In June 2014, New York became the 23rd state with a medical marijuana law. DPA's New York policy office worked with allies across the state to bring the voices of patients, providers and caregivers to the legislature and governor's office. The bill passed and was signed despite significant opposition from leaders in Albany.

2016 – California Sets New Gold Standard for Marijuana Legalization

In the 2016 election, California, Maine, Massachusetts, and Nevada legalized marijuana, while medical marijuana initiatives prevailed in Arkansas, Florida, Montana and North Dakota. DPA was involved in virtually all of these efforts, helping with drafting, funding and advocacy. The most significant of these victories was California’s Proposition 64, which legalizes the adult use of marijuana in the nation’s largest state. It enacts across-the-board retroactive sentencing reform for marijuana offenses, while establishing a comprehensive system to tax and regulate businesses to produce and distribute marijuana in a legal market. Prop. 64 sets a new gold standard for marijuana policy because of its cutting edge provisions to undo the most egregious harms of marijuana prohibition on impacted communities of color and the environment as well as its sensible approaches to public health, youth protection, licensing and revenue allocation. The Drug Policy Alliance and its lobbying arm, Drug Policy Action, played a key leadership role in the California campaign—co-drafting the initiative, coordinating the political mobilization, social media, public relations and more, and raising over $5 million to fund the effort.

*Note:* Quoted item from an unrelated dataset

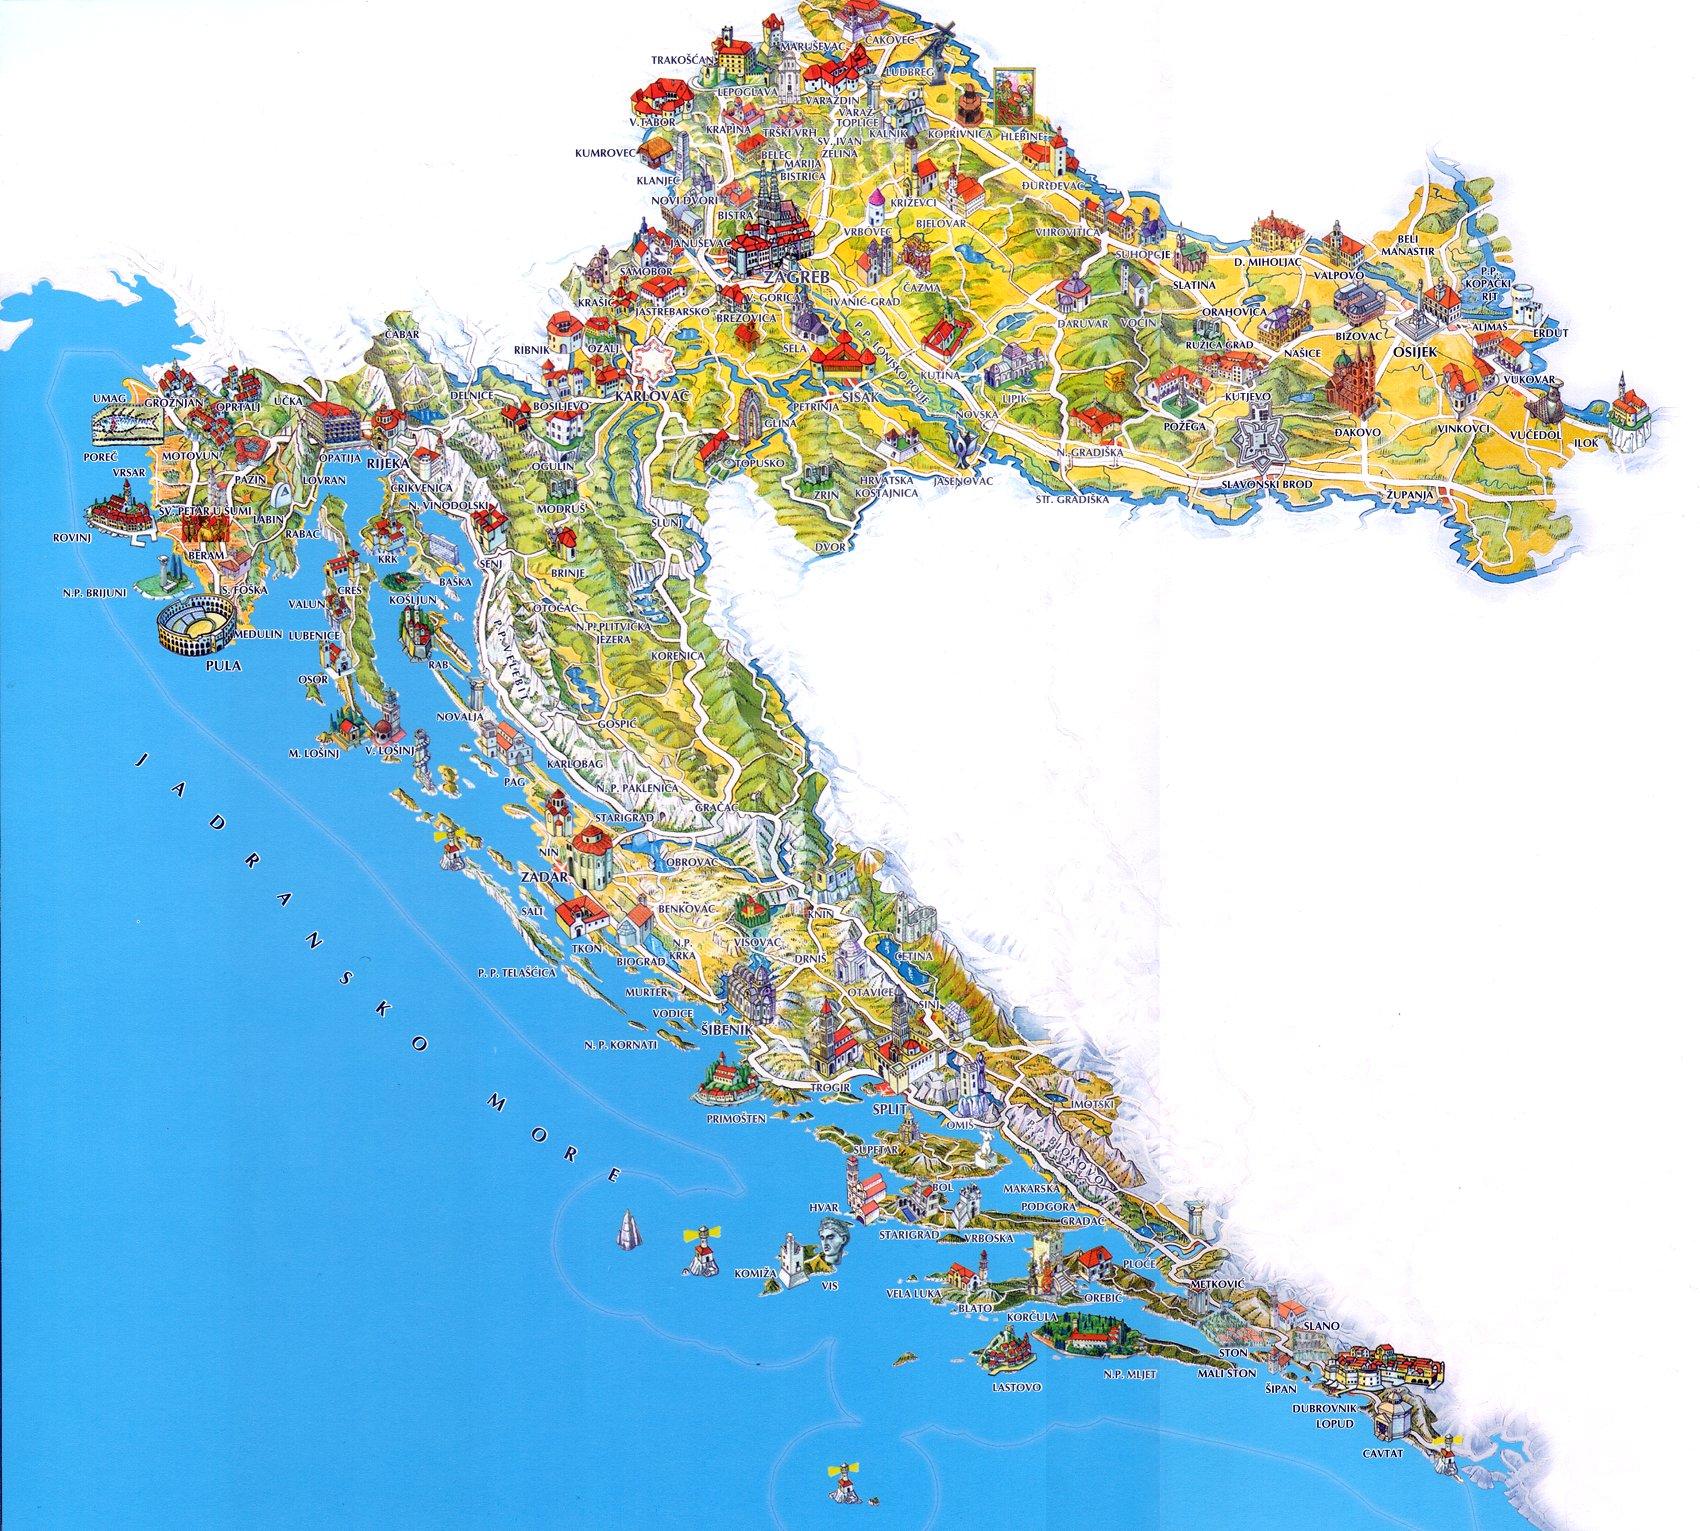 Carte De La Croatie Touristique.Carte De La Croatie Guide Tourisme Croatie

Learn more about our work to reform marijuana laws.

Criminal Justice Reform

DPA has been at the forefront of many, perhaps most, major drug sentencing reforms over the past two decades. There are many tens of thousands fewer people behind bars today as a result of DPA’s efforts—and hundreds of thousands who either did not go to jail or prison, or who spent less time there, because of our work.

2000 – California Passes Proposition 36

California’s landmark treatment-not-incarceration law, Proposition 36, was approved via ballot initiatives by 61 percent of California voters in November 2000. Prop. 36 allowed first- and second-time nonviolent drug offenders the opportunity to receive substance abuse treatment instead of jail time. DPA was the proponent of this initiative and led the campaign.  Since 2000, Prop 36 has save California billions of dollars on prison expenditures, while diverting hundreds of thousands of people arrested for drug possession from incarceration.

2009 – New York Reforms the Rockefeller Drug Laws

DPA spearheaded the successful campaign to enact major reforms of New York’s notorious Rockefeller Drug Laws. The reforms, signed into law by Gov. David Paterson in 2009, included eliminating mandatory minimum sentences and returning judicial discretion in many drug cases; reforming the state’s sentencing structure; expanding drug treatment and alternatives to incarceration; and allowing resentencing of people serving sentences under the old laws.

2010 – Federal Fair Sentencing Act Signed Into Law

DPA played a crucial role in the 2010 passage of the federal Fair Sentencing Act, which reduced the crack/powder sentencing disparity and repealed a mandatory minimum sentence for the first time since 1970.

2012 – California Reforms “Three Strikes Law”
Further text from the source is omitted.